EXERCISE DESCRIPTION —
In the records below, count every line containing "области". Reply with the number only.

Extracted records —
■ ■ ■
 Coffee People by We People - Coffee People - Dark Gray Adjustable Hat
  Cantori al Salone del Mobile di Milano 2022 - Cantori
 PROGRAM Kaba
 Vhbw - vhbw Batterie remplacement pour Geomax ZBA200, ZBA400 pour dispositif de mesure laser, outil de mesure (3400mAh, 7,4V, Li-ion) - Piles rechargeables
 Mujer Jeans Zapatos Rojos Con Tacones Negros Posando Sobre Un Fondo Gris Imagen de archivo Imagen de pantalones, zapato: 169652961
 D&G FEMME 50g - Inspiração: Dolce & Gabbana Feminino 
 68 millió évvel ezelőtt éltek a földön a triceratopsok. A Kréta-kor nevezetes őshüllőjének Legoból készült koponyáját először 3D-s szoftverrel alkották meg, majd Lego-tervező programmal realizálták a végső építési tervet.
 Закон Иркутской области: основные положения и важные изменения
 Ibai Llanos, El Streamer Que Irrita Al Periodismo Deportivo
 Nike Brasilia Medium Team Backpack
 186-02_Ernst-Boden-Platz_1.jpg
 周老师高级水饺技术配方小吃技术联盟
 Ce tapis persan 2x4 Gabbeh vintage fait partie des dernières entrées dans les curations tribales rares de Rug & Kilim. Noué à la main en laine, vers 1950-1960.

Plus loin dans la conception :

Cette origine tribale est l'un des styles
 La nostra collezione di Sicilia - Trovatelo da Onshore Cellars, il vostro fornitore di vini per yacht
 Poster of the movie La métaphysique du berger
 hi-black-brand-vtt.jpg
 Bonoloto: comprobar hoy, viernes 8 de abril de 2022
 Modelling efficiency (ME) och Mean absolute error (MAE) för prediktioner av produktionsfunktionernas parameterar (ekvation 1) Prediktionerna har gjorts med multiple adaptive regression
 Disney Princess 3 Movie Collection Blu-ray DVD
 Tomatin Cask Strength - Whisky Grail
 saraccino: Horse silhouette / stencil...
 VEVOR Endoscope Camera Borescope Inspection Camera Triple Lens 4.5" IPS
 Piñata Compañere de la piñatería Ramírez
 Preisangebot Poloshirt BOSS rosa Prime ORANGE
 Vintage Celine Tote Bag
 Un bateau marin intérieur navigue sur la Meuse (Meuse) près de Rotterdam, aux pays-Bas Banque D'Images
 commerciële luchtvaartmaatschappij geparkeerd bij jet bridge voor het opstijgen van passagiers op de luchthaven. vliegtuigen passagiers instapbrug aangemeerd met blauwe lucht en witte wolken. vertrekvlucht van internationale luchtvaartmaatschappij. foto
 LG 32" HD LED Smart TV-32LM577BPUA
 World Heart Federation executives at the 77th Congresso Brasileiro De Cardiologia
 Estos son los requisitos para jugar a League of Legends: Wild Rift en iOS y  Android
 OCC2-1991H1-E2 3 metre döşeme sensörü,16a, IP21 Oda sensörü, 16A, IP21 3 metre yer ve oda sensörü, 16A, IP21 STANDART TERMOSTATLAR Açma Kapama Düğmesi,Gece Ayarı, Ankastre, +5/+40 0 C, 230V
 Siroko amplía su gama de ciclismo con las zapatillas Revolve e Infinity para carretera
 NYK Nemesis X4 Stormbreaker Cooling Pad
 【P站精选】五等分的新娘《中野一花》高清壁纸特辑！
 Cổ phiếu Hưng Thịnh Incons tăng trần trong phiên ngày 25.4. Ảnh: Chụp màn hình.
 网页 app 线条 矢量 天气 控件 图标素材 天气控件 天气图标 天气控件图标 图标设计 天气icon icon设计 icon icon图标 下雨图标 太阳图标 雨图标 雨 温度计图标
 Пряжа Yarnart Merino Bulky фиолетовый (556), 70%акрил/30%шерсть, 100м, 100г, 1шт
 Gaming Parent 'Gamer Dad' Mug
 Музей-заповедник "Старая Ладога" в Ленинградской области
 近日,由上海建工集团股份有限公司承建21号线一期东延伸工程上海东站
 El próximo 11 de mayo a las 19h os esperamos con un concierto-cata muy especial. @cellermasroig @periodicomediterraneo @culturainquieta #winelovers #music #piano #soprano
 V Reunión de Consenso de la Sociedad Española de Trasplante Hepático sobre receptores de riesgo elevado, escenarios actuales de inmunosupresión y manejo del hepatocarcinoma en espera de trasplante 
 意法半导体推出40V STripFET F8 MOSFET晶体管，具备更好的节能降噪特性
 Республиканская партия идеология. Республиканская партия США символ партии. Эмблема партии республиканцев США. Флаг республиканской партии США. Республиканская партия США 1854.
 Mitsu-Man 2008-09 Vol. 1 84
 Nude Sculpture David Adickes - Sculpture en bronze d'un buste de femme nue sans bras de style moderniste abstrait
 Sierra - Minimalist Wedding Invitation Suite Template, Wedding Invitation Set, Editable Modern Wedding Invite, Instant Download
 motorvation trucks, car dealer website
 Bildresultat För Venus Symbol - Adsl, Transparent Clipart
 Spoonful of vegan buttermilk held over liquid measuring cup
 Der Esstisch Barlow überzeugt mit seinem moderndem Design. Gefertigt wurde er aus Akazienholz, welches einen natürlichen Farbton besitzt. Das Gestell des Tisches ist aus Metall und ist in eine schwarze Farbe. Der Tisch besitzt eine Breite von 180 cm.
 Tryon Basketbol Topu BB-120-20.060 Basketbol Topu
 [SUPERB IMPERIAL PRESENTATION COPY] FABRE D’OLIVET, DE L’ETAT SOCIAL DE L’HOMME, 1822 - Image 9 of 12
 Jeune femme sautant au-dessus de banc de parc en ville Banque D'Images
■ ■ ■
YOUR SOLUTION —
2